Common failure modes
These are the ways candidates lose an AI-enabled round:
- Blind paste. AI emits code, candidate drops it in, moves on. First failing test ends them — because they never read it.
- No testing. Clean compile treated as correct. The edge case they never ran is the one the interviewer planned the whole question around.
- Over-prompting instead of thinking. When stuck, they re-prompt the model ten different ways rather than reasoning about the actual bug. The interviewer watches a candidate outsource their thinking and finds nothing to score.
- Can’t explain the code. “Why does this line use
<=and not<?” — silence. If you can’t defend the generated code, you didn’t earn it, and the interviewer knows.
The throughline: every failure mode is a failure to engage with the AI’s output as a critical reviewer.
In the room: running 60 minutes
A concrete way to spend an AI-enabled hour without drowning:
Minutes 0–10 — understand and decompose, no AI yet. Read the prompt. Restate it. Clarify constraints and inputs with the interviewer. Sketch the approach and name the pattern out loud. Do this with your own brain — it’s the part the AI can’t do for you, and it frames every prompt that follows.
Minutes 10–35 — drive the AI in small chunks. Prompt for one piece at a time with a clear spec (“write a function that merges overlapping intervals, sorted by start, O(n log n)”). Read every line it returns before accepting it. Narrate what you’re checking. If it’s wrong, fix it directly or re-prompt with the specific defect — don’t blank-slate retry.
Minutes 35–50 — verify hard. Run it. Trace the nasty cases yourself: empty input, single element, duplicates, max constraints, the off-by-one boundary. Say what you’re testing and why. This is where most of your score lives.

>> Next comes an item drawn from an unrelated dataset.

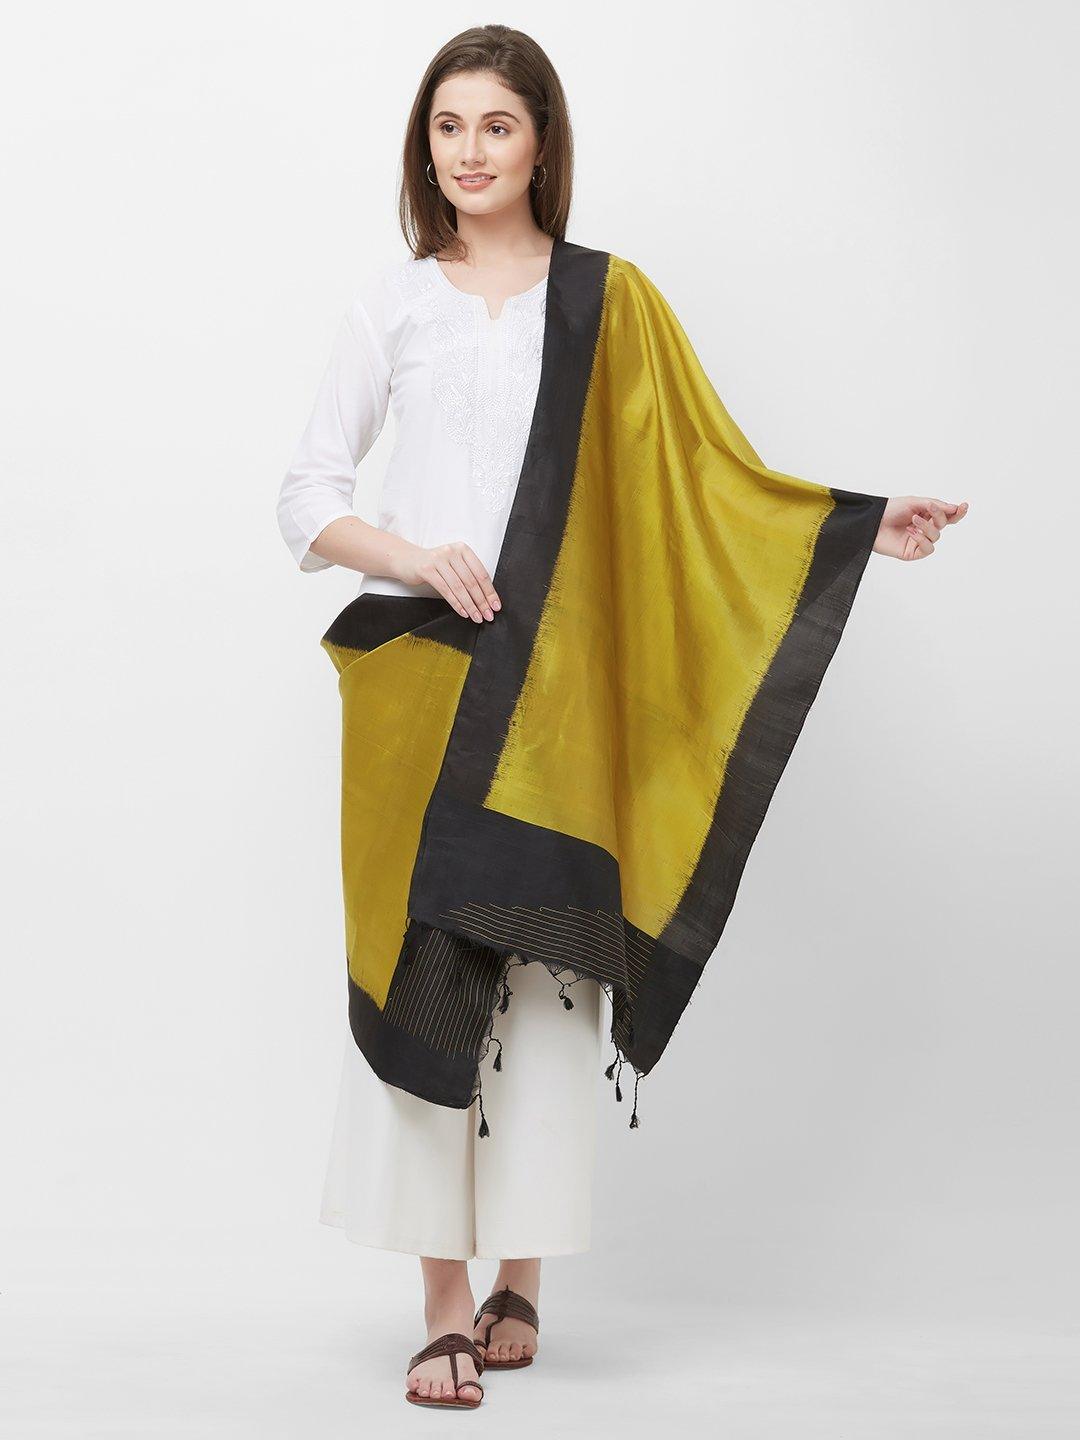 CraftsCollection.in -Golden and Black Pure Silk Stole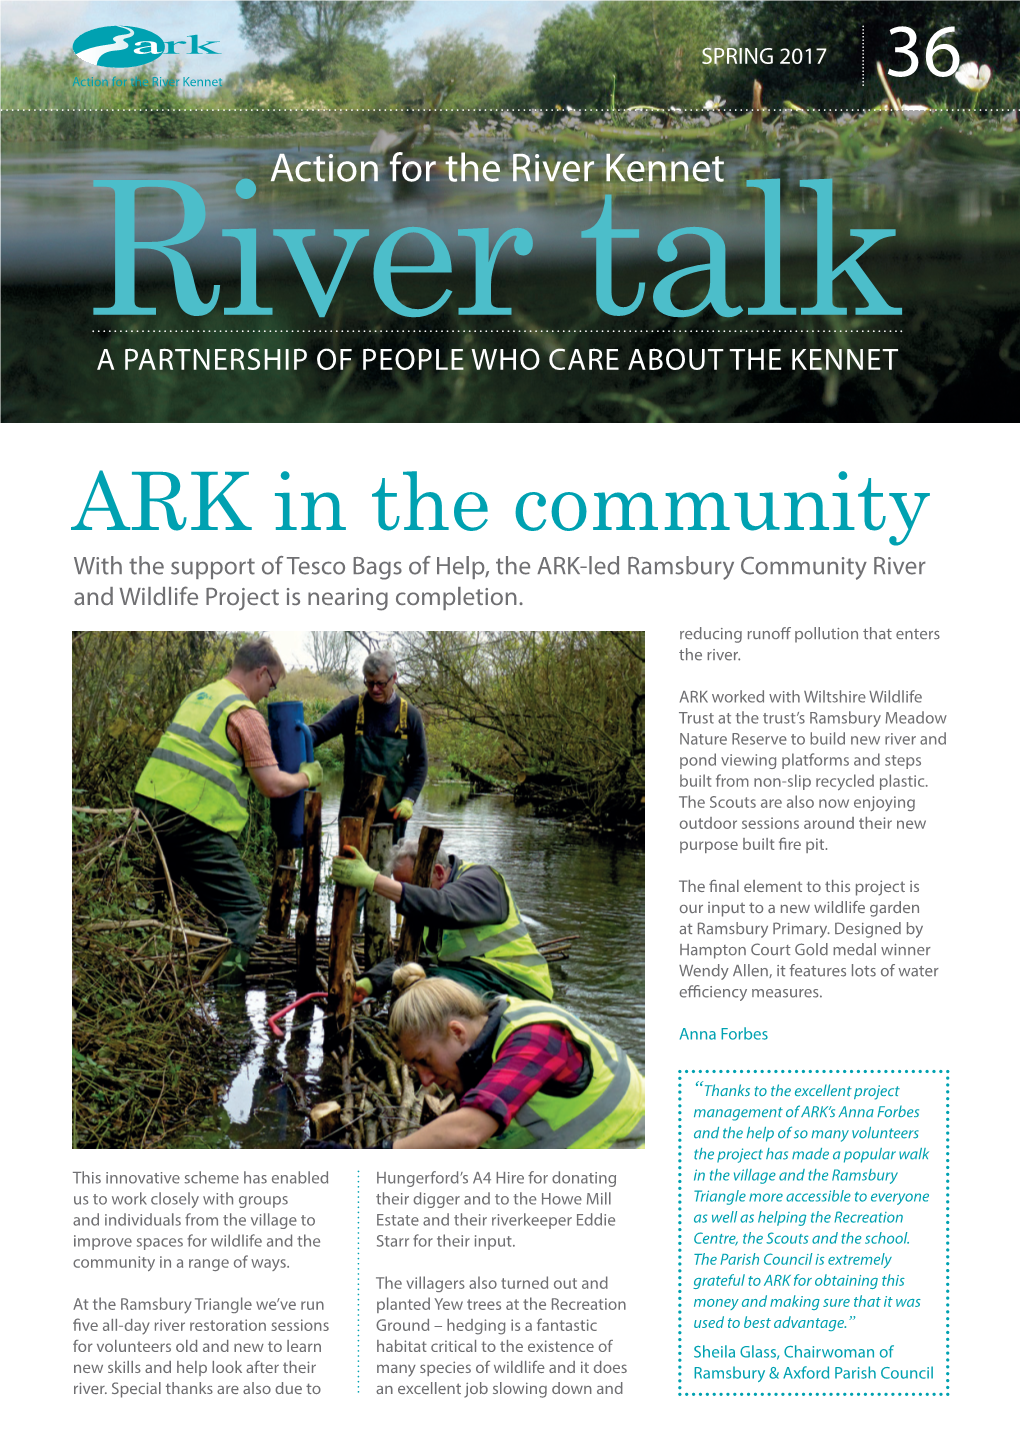 ARK in the Community with the Support of Tesco Bags of Help, the ARK-Led Ramsbury Community River and Wildlife Project Is Nearing Completion

Minutes 50–60 — explain and harden. Walk the interviewer through the final solution as if you wrote every character. State the complexity. Call out one edge case you’d add a test for in production. Close like a senior reviewer signing off on a PR.
The shape to internalize: you think, the AI types, you verify. Never the reverse.
Where this fits
This format doesn’t replace the rest of your prep — it sits on top of it. You still need the patterns to validate output: /interview/coding-patterns/. You still need to reason about scale and trade-offs, which AI is especially shaky at: /interview/system-design-int/. And the only way to get fluent at narrating your judgment under time pressure is reps: /interview/mock-coding/.
The candidates who win these rounds aren’t the ones who prompt the best. They’re the ones who’d have passed the old closed-tab interview and know exactly when to stop trusting the machine.